# DIY cannonball?



## Toetag (Jan 31, 2008)

Styrofoam balls at Michaels.


----------



## Giles (Sep 6, 2009)

paper Mache is cheap and easy. Small round balloons wrapped with papermache. Let it dry and pop the balloon with a pin.


----------



## halloweenpropmaster (Aug 18, 2009)

wrap plastic bags from grocery stores into a ball and then cover it with paper mache.


----------



## savagehaunter (Aug 22, 2009)

I agree that the styrofoam balls would work great with black paint.


----------



## jeffiner (Sep 4, 2008)

we did styrofoam balls from Michael's in various sizes and then used toothpicks to hold them together. Styrofoam eats glue so we painted with grey first then black to give depth better grey then white.


----------



## rebelxwing (Oct 7, 2008)

I made a cannon for Halloween last year and needed some cannonballs to complete my pirate cemetary. I was *going* to buy styrofoam balls but realized I might be in a high wind location. I figured something would come to me and several days later I found giant Christmas ornaments at the Dollar Store! Thankfully they had already put out Christmas stuff a month before Halloween. I bought 4 of them (styrofoam balls are *never* that cheap), sanded the mold separation lines down and painted them flat black. I turned the little ornament hanger "nipples" inward and hot glued them together in a pyramid.

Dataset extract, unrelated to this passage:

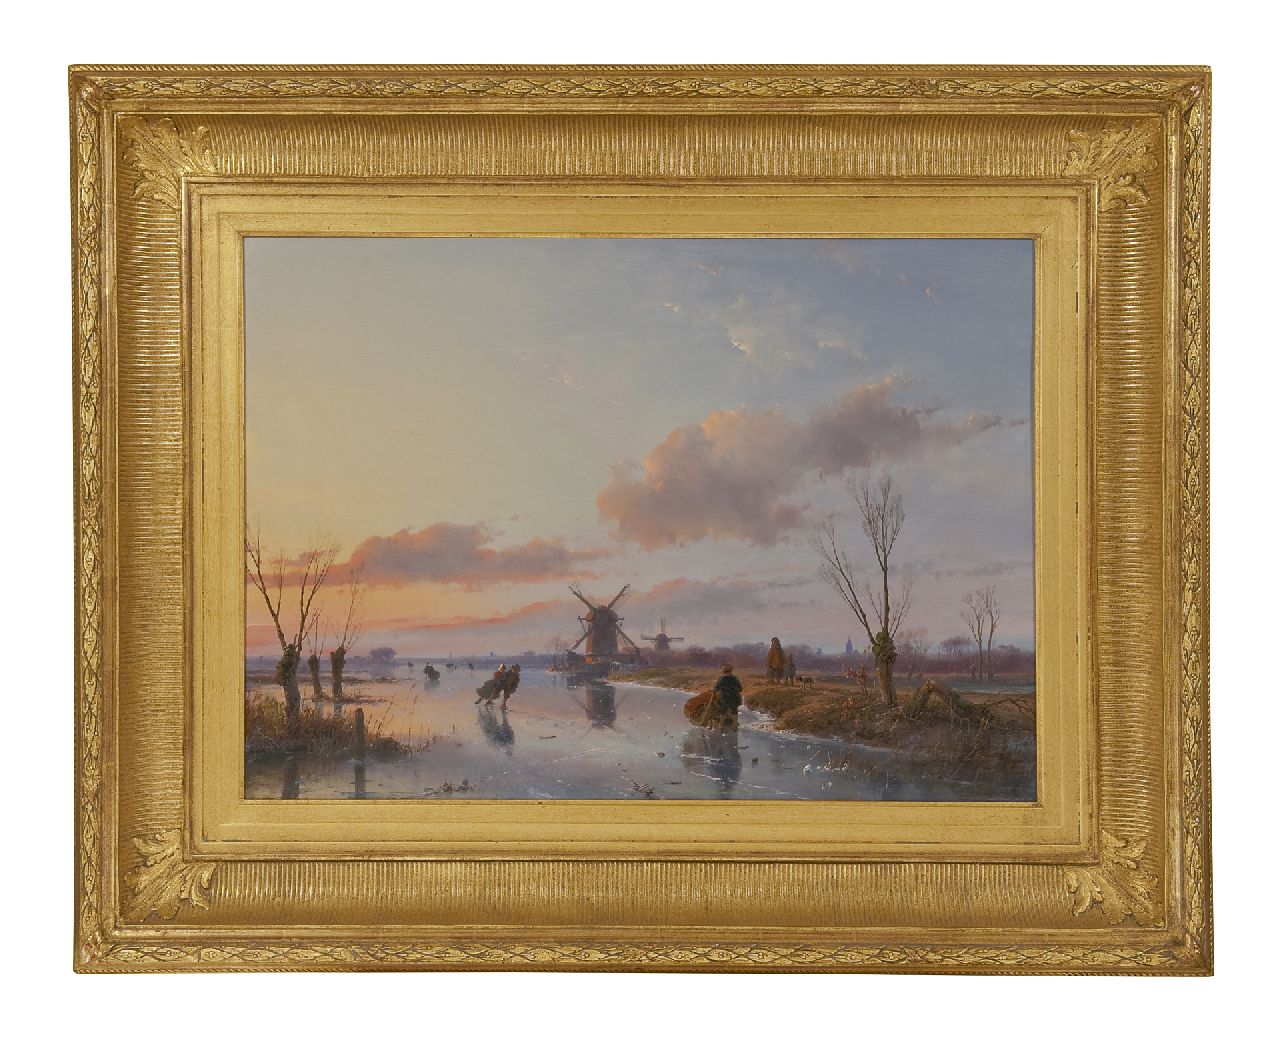 Schelfhout A.  | Andreas Schelfhout, Skaters on a Dutch waterway at sunset, Öl auf Holz 47,1 x 66,3 cm, signed l.r. und dated 1845

Done!


----------



## Haunter (Oct 12, 2005)

I just use the plastic ball from the cheap ball and chain prop found at most stores at Halloween time. I found them on sale last year for $1 a piece. I lightly spray them with a texture spray and tie them together. They stand up better than foam balls and are cheaper.


----------



## serpensphile (Nov 12, 2008)

I see cheap bowling balls at thrift stores all the time! Large, black, heavy and would stand up to any punishment year after year.


----------



## Chronovisor (Sep 24, 2009)

Awesome idea and execution! I live in a windy area as well going to try either this or bowling balls.



rebelxwing said:


> I made a cannon for Halloween last year and needed some cannonballs to complete my pirate cemetary. I was *going* to buy styrofoam balls but realized I might be in a high wind location. I figured something would come to me and several days later I found giant Christmas ornaments at the Dollar Store! Thankfully they had already put out Christmas stuff a month before Halloween. I bought 4 of them (styrofoam balls are *never* that cheap), sanded the mold separation lines down and painted them flat black. I turned the little ornament hanger "nipples" inward and hot glued them together in a pyramid. Done!


----------